DATASET CONTENT
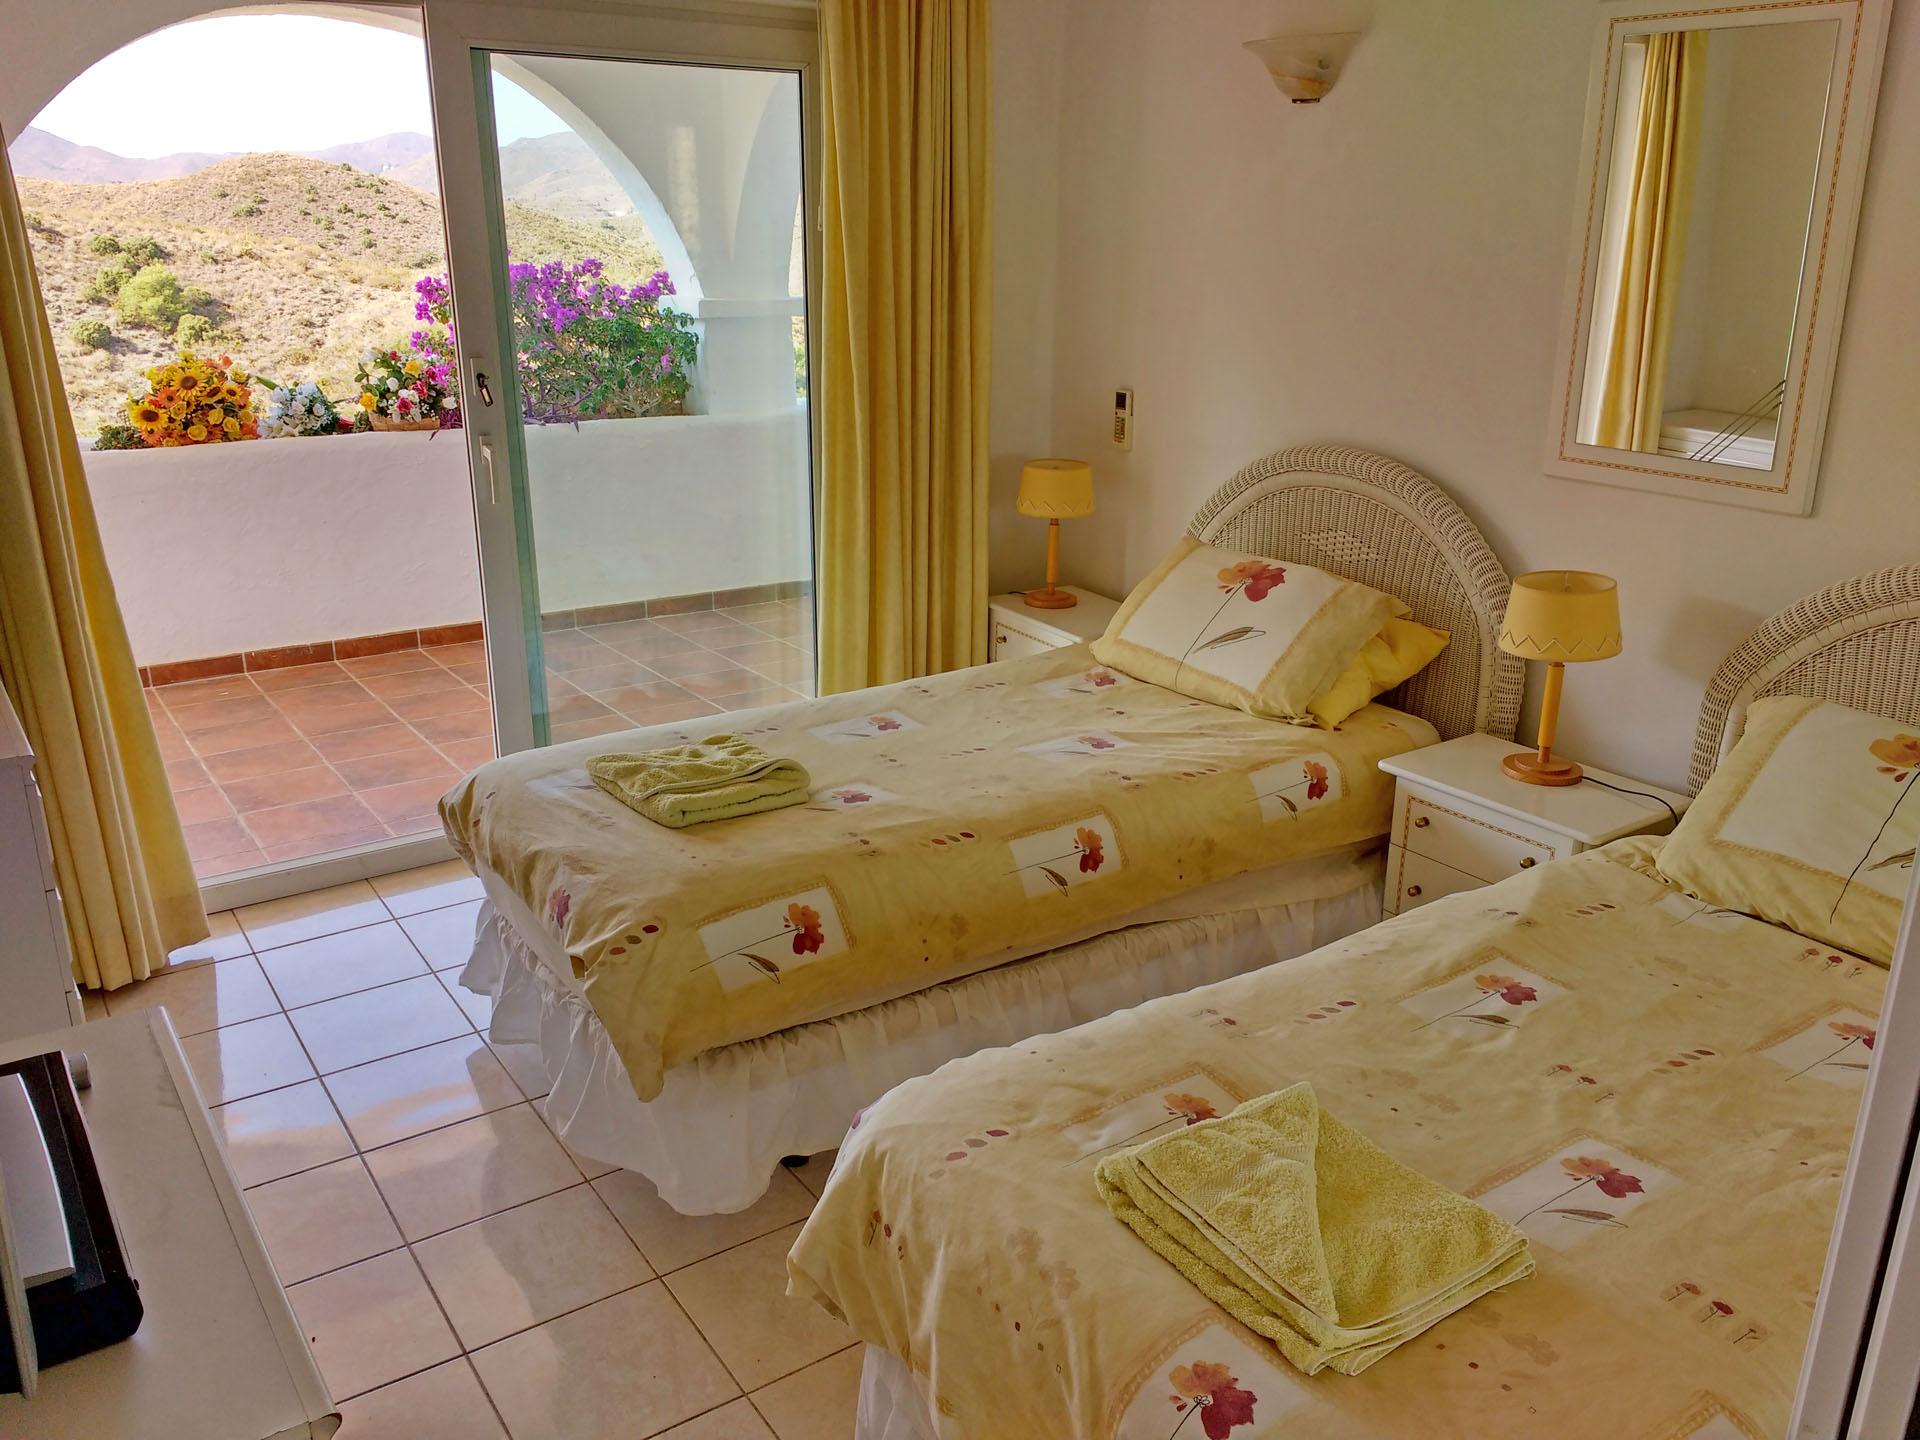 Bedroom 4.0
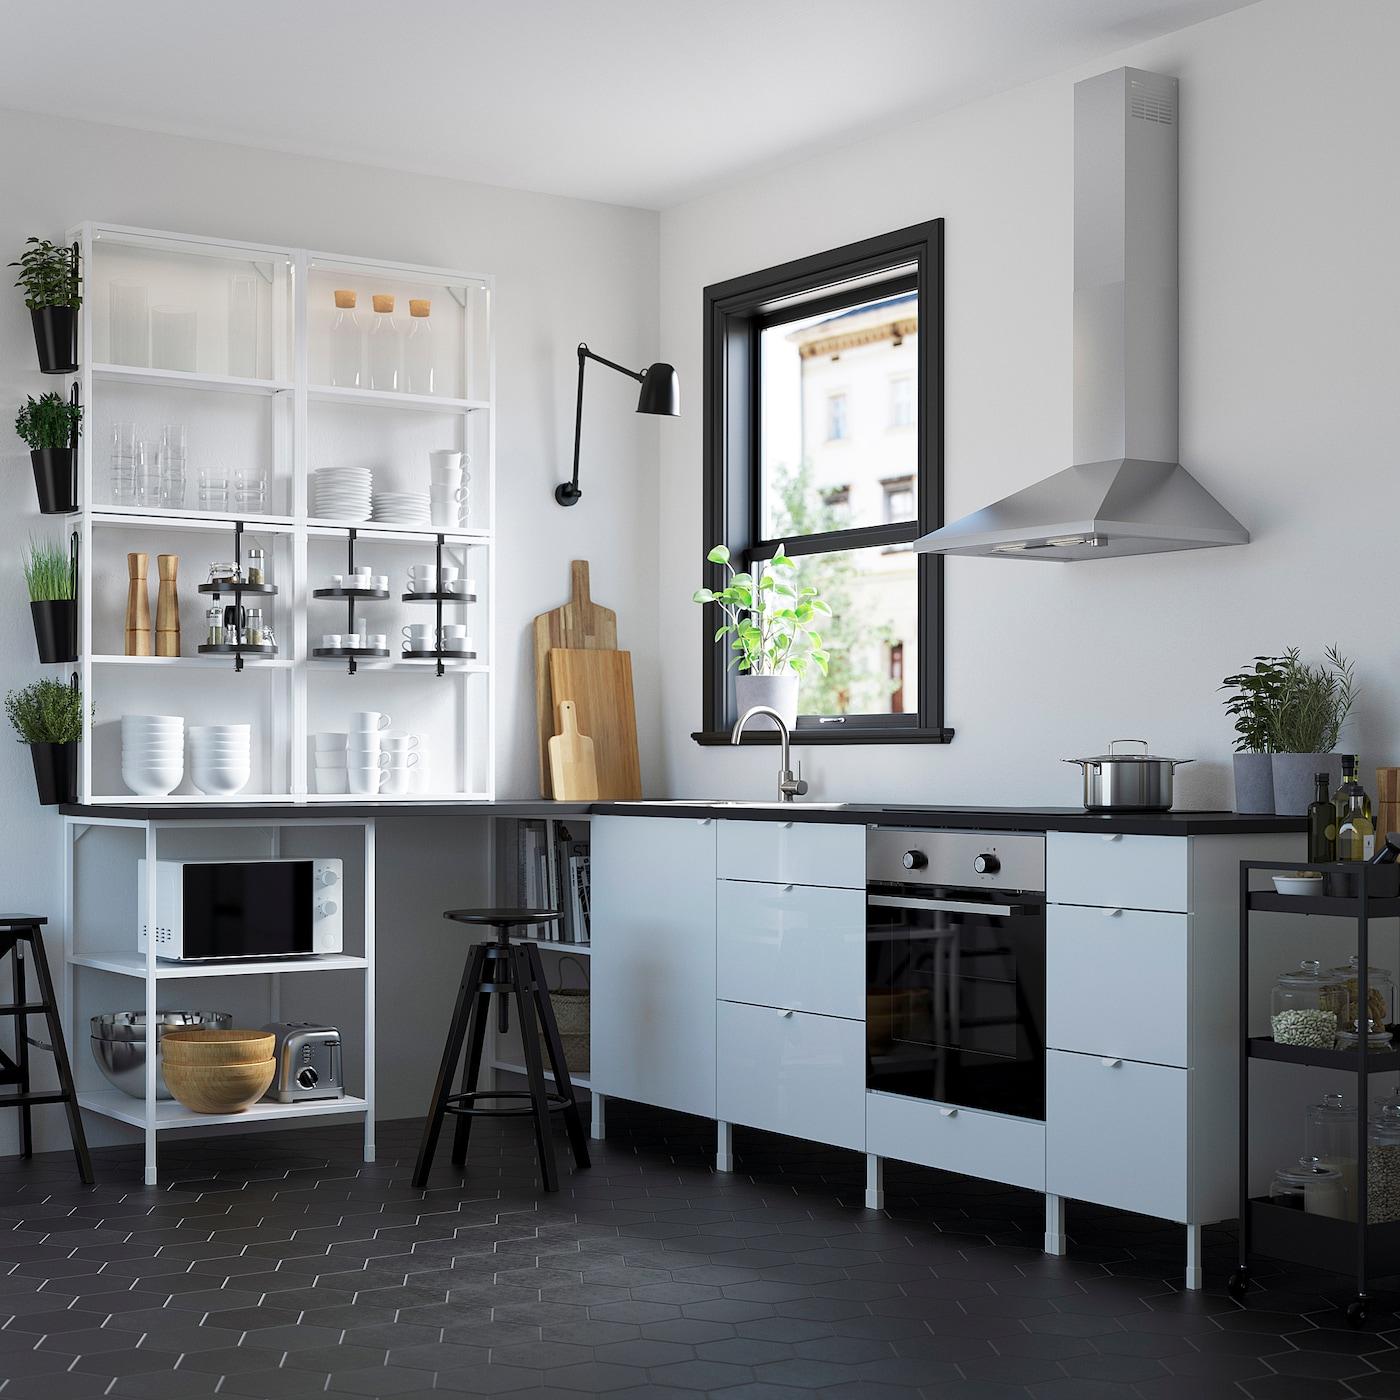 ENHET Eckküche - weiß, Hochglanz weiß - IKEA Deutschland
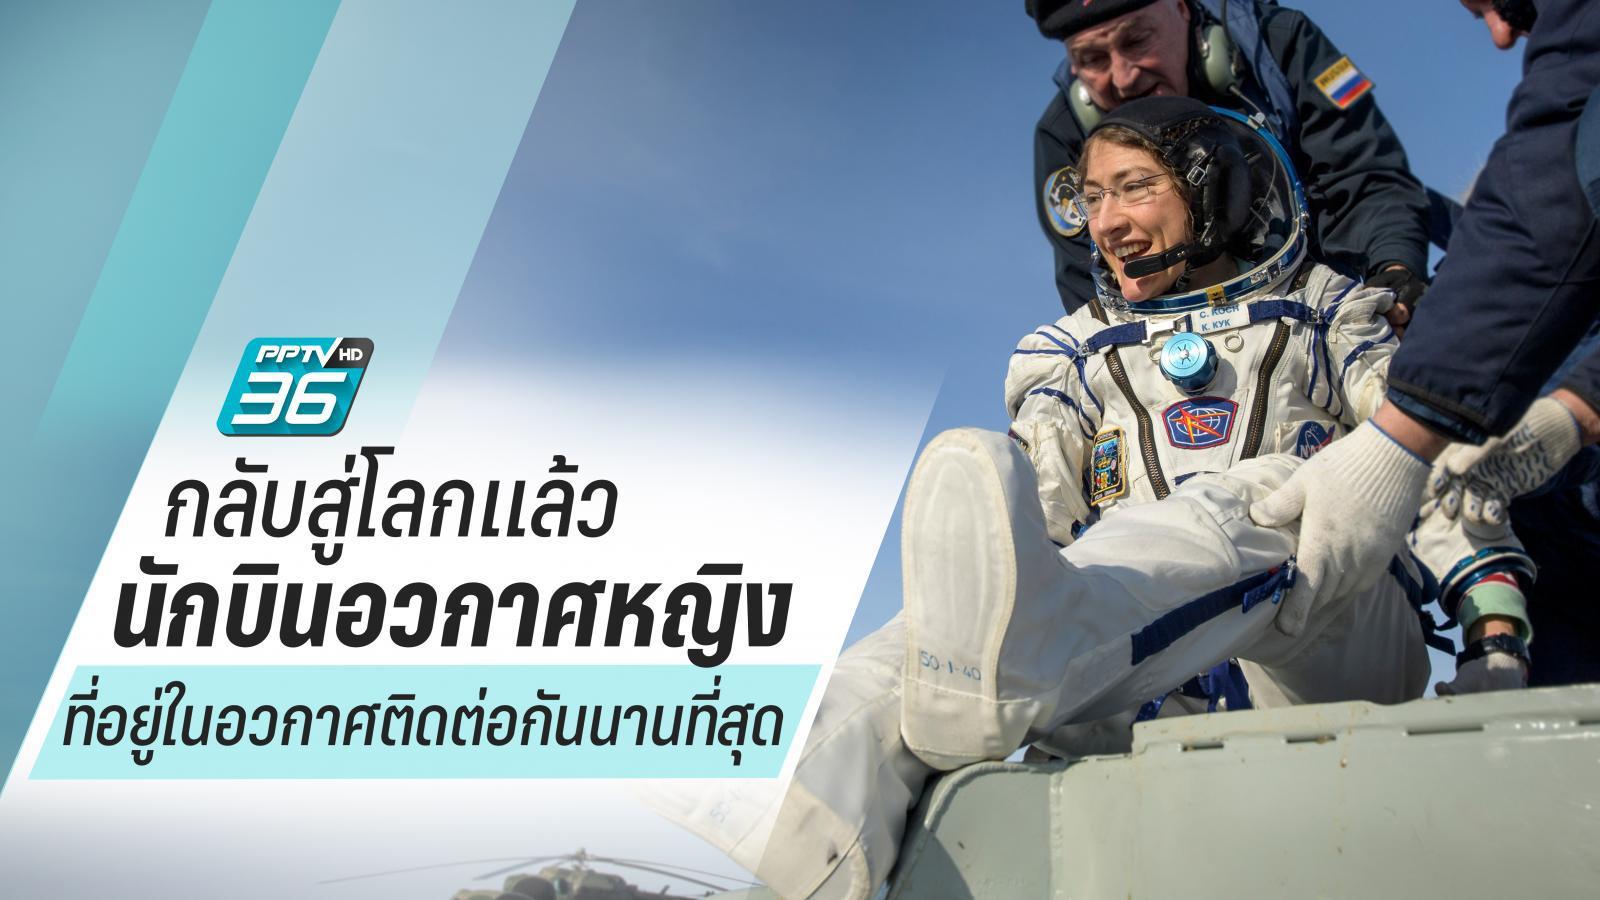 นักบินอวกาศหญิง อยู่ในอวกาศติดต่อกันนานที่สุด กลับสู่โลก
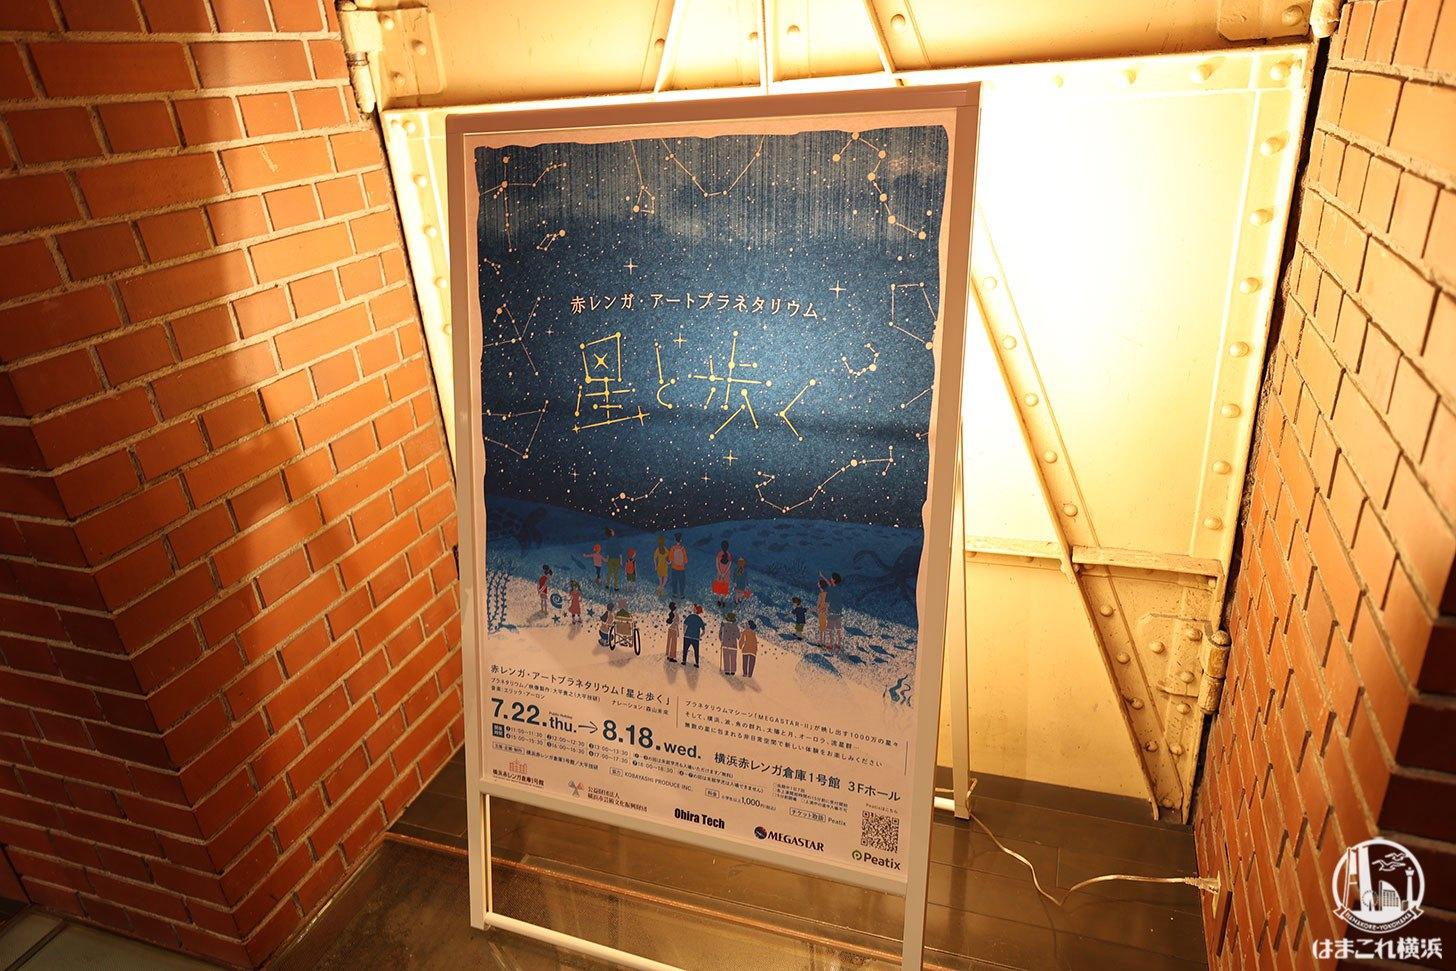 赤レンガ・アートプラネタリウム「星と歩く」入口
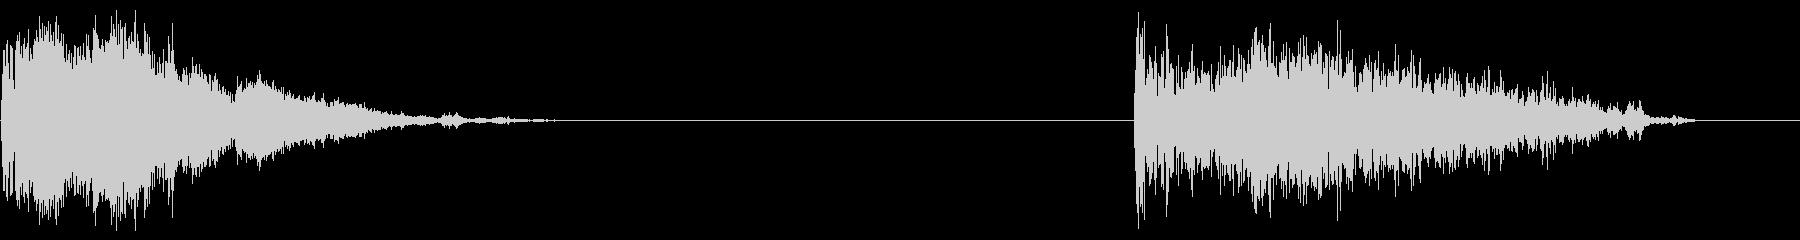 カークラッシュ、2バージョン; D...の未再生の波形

AIM OF THE TASK
Write the material out again exactly. Do not include the pictures.

OUTPUT FOR THIS TASK
 Bedroom 4.0
 ENHET Eckküche - weiß, Hochglanz weiß - IKEA Deutschland
 นักบินอวกาศหญิง อยู่ในอวกาศติดต่อกันนานที่สุด กลับสู่โลก
 赤レンガ・アートプラネタリウム「星と歩く」入口
 カークラッシュ、2バージョン; D...の未再生の波形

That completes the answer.